Toni Venturi é um cineasta paulista, nascido em 21 de novembro de 1955. Morou no Canadá de 1976 até 1984, onde se graduou Bacharel em Artes Fotográficas – Cinema, pela University Of Ryerson, em 1984. Também formou-se em Comunicação Social – Cinema pela Universidade São Paulo, em 1987. No Brasil, fez o curso secundário no Ginásio Estadual Vocacional Oswaldo Aranha, em São Paulo, que compunha uma rede de escolas experimentais mantida pela pedagoga Maria Nilde Mascelani e extinta pela ditadura militar. Depois da passagem pelo Canadá, viveu no Rio de Janeiro até 1989 e desde 1990 reside em São Paulo. Toni Venturi é casado com a Atriz Débora Duboc com quem tem um filho.

Seu trabalho inclui os seguintes títulos, muitos deles premiados

Diretor e Produtor do longa metragem de ficção Cabra-cega. Prêmios de produção: “Filmes de Baixo Orçamento do MINC”, “Finalização da ANCINE” e “Finalização Prefeitura de São Paulo”, lançado em 2005.

Diretor e Produtor do documentário para TV No Olho Do Furacão. Prêmios de produção: “Itaú Rumos” e “Documentários Inéditos do MINC”. Em 2003, recebeu o Prêmio Especial do Júri na 30ª Jornada da Bahia.

Diretor e Produtor do longa metragem de ficção Latitude Zero. Em 2001, o filme participou da 51ª Festival de Berlim, Seção Panorama. Ganhou 15 prêmios em festivais nacionais e internacionais nas categorias de melhor direção, ator, atriz e arte. Foi lançado comercialmente em março de 2002 e está disponível em DVD e VHS.

Diretor e Produtor de O Velho, A História De Luís Carlos Prestes.
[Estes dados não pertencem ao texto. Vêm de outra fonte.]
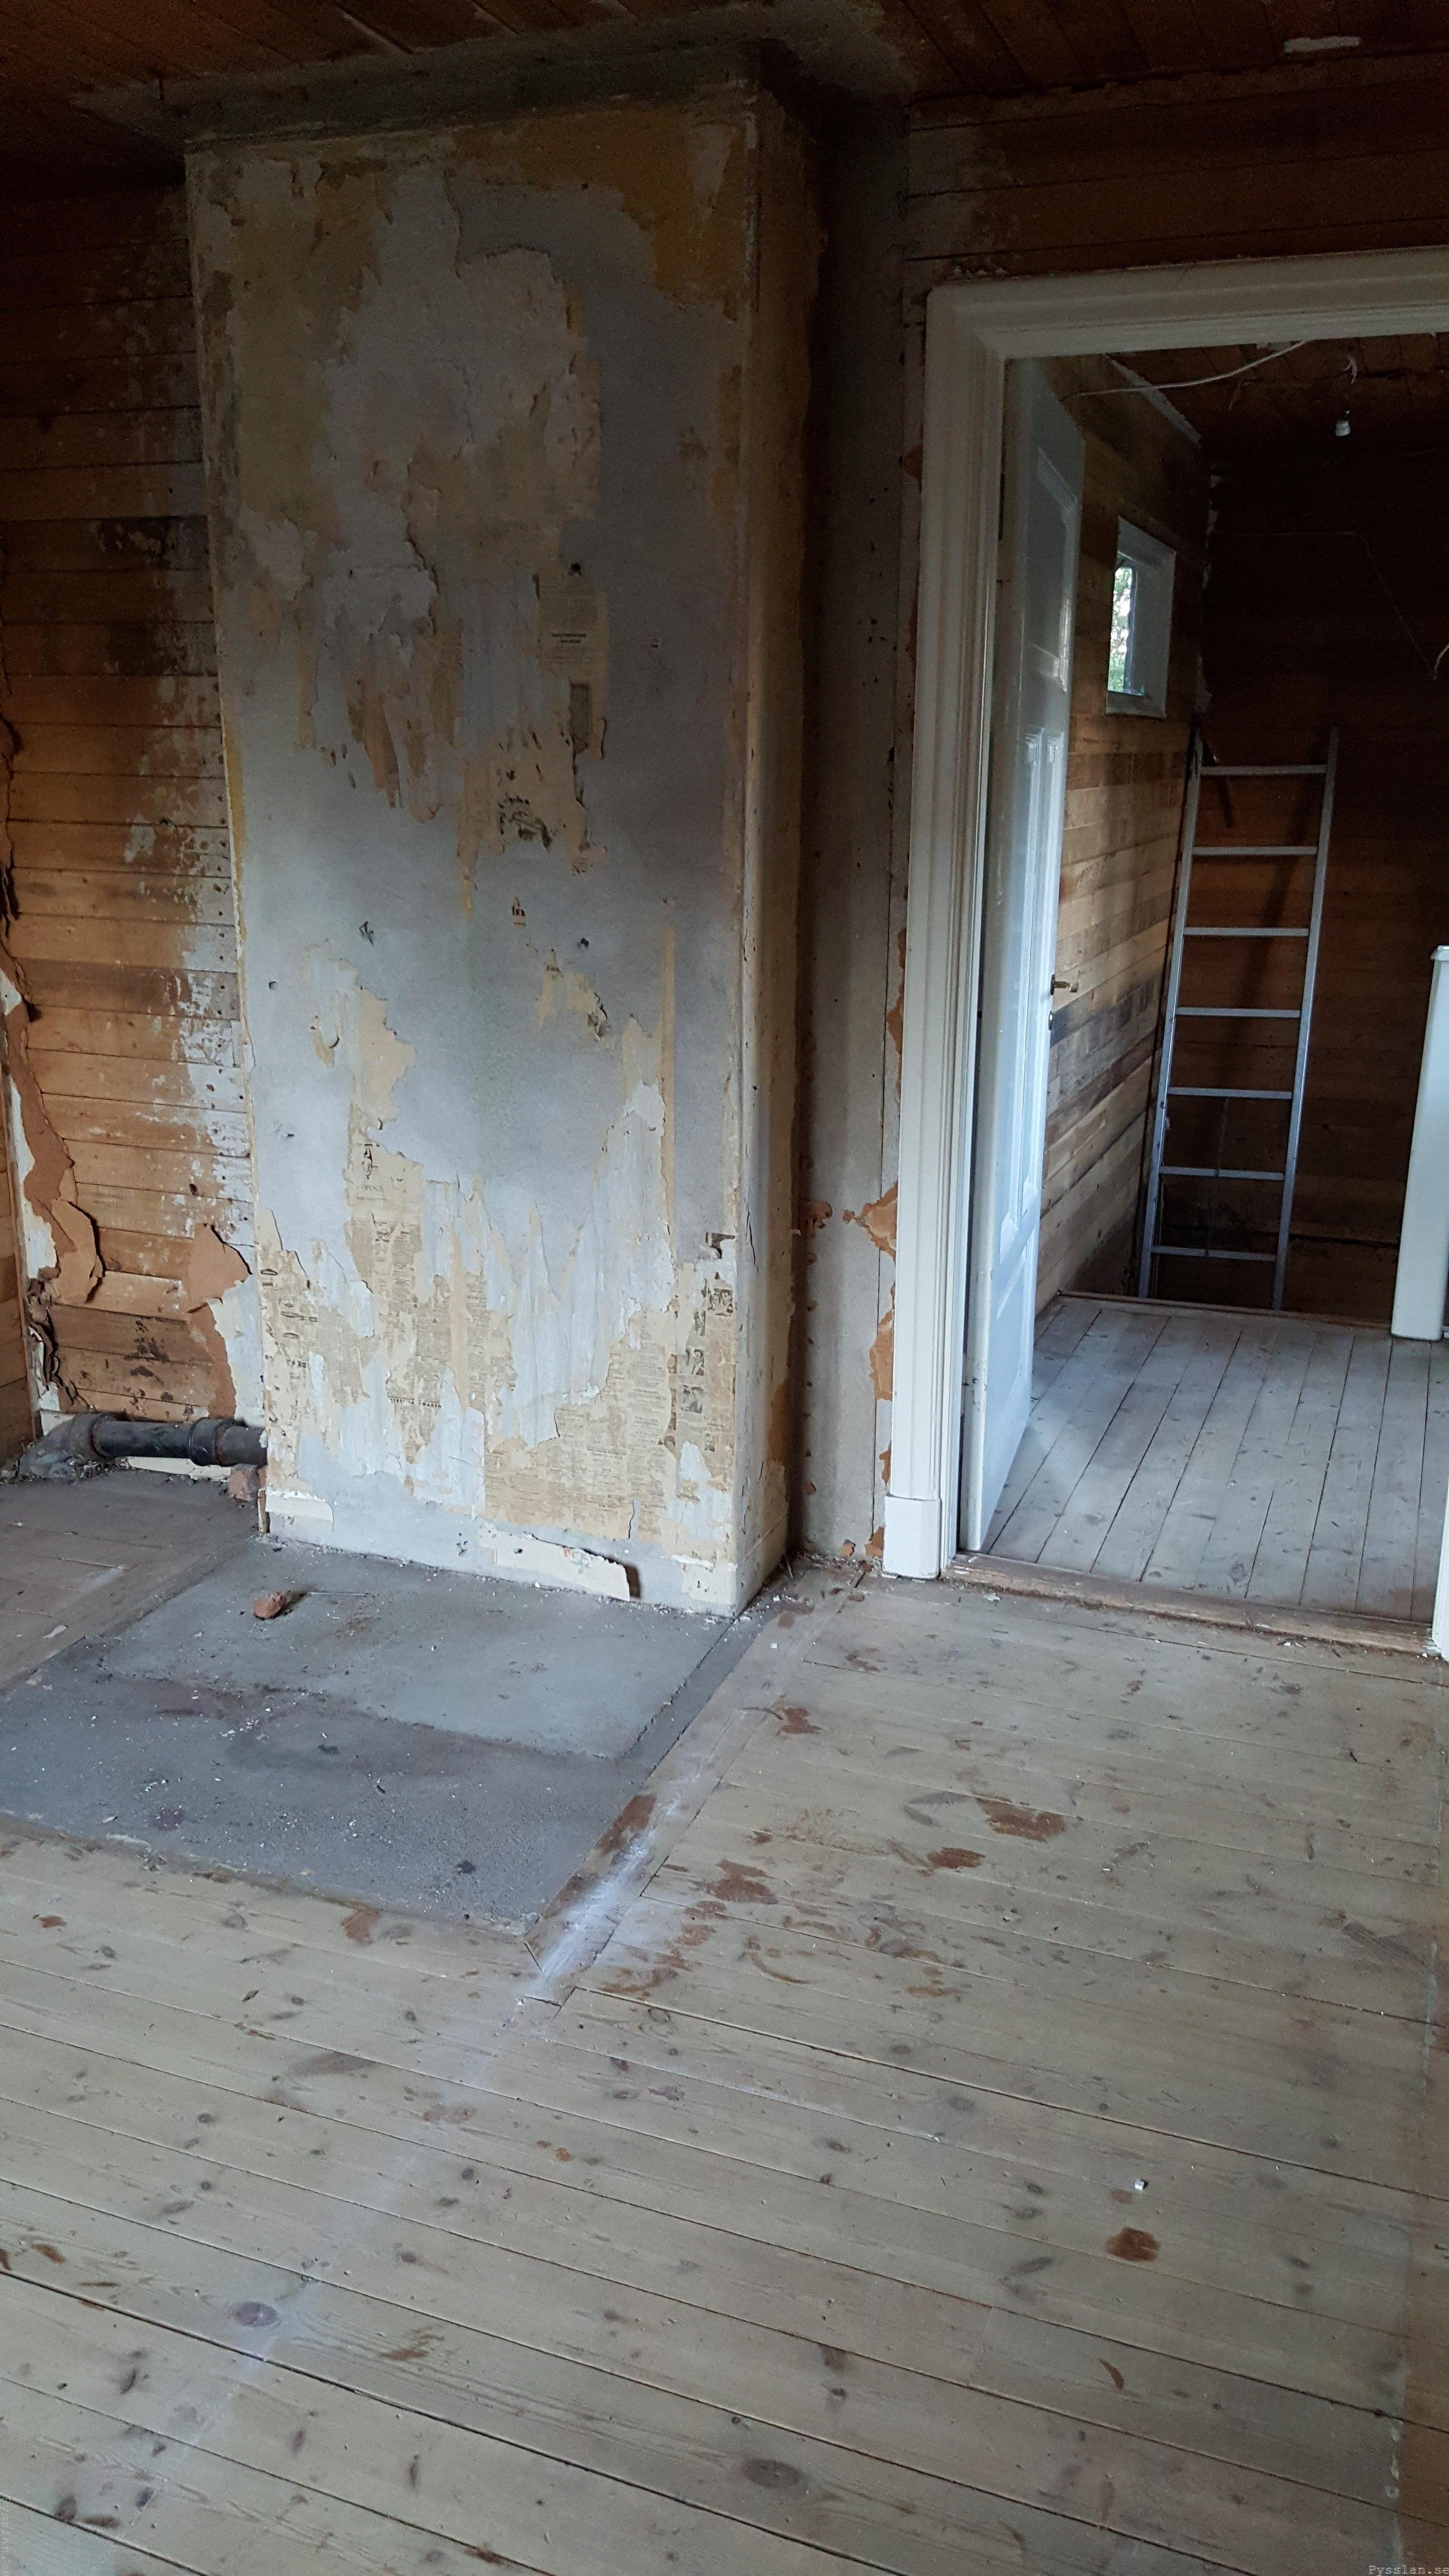 rena plankväggar furugolv stora sovrummet 20-talsdröm 20-talshus renovering pysslan blogg

Documentário longa metragem e série de 04 episódios para TV. Ganhou 3 prêmios de melhor filme em festivais de cinema nacionais e foi premiado em Cuba.

Diretor da série “Teletubbies” da Rede Globo, em 1988.
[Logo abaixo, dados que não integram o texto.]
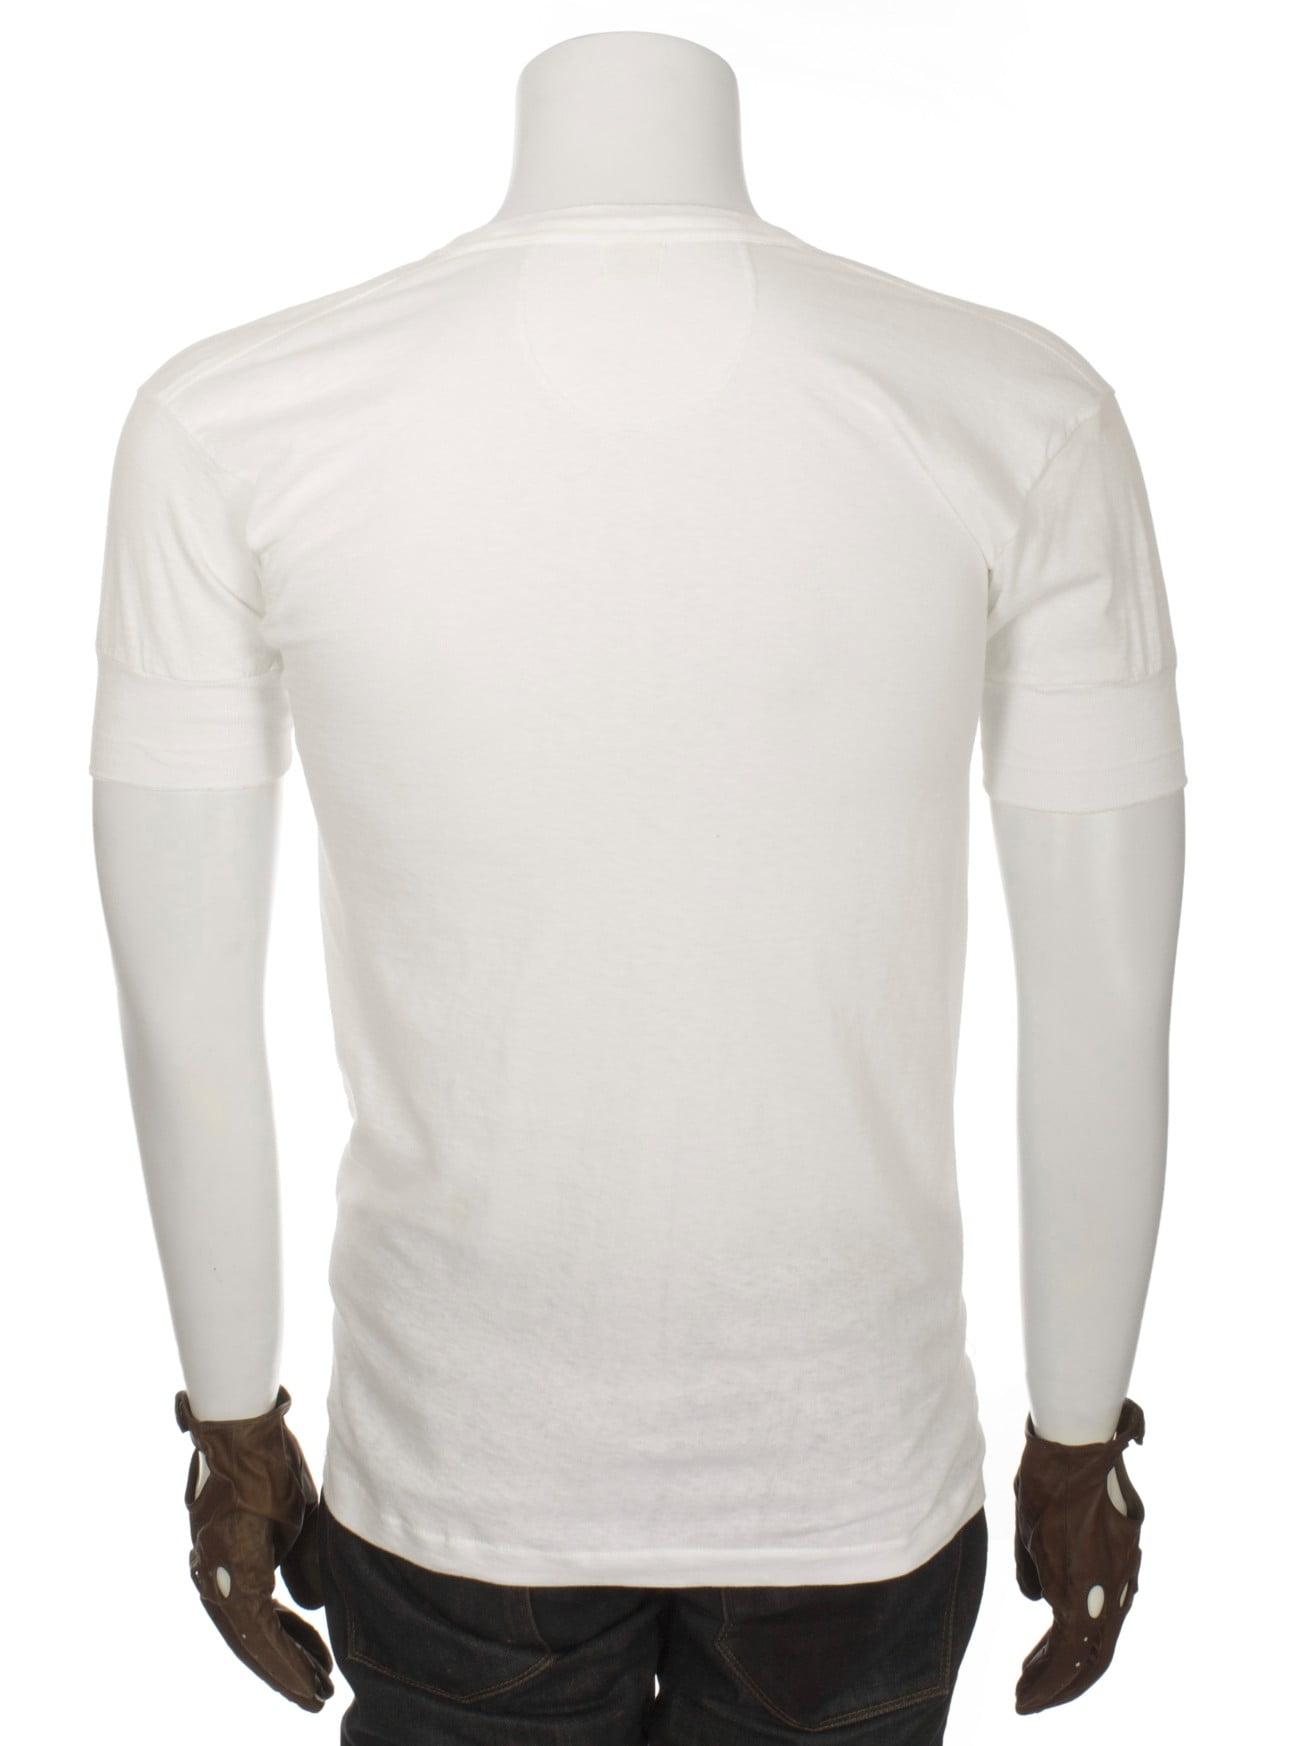 A photo of a Henley shirt.

Diretor do programa “Conexão Roberto D’avila”, de entrevistas, em 1996.

Diretor da série de documentários institucionais “Gente Que Faz”, patrocinado pelo Banco Bamerindus (1995 – 97).

Diretor e Produtor dos seguintes curtas metragens: Ficção futurista com Jonas Bloch passada nos últimos dias do milênio; Guerras, Documentário sobre a vida do poeta luso-brasileiro Antonio José, que morreu queimado nas fogueiras da Inquisição no século XVIII; e Under The Table sobre o drama dos imigrantes ilegais latino-americanos que vivem em Toronto, Canadá.

Atualmente é dono da produtora audiovisual Olhar Imaginário.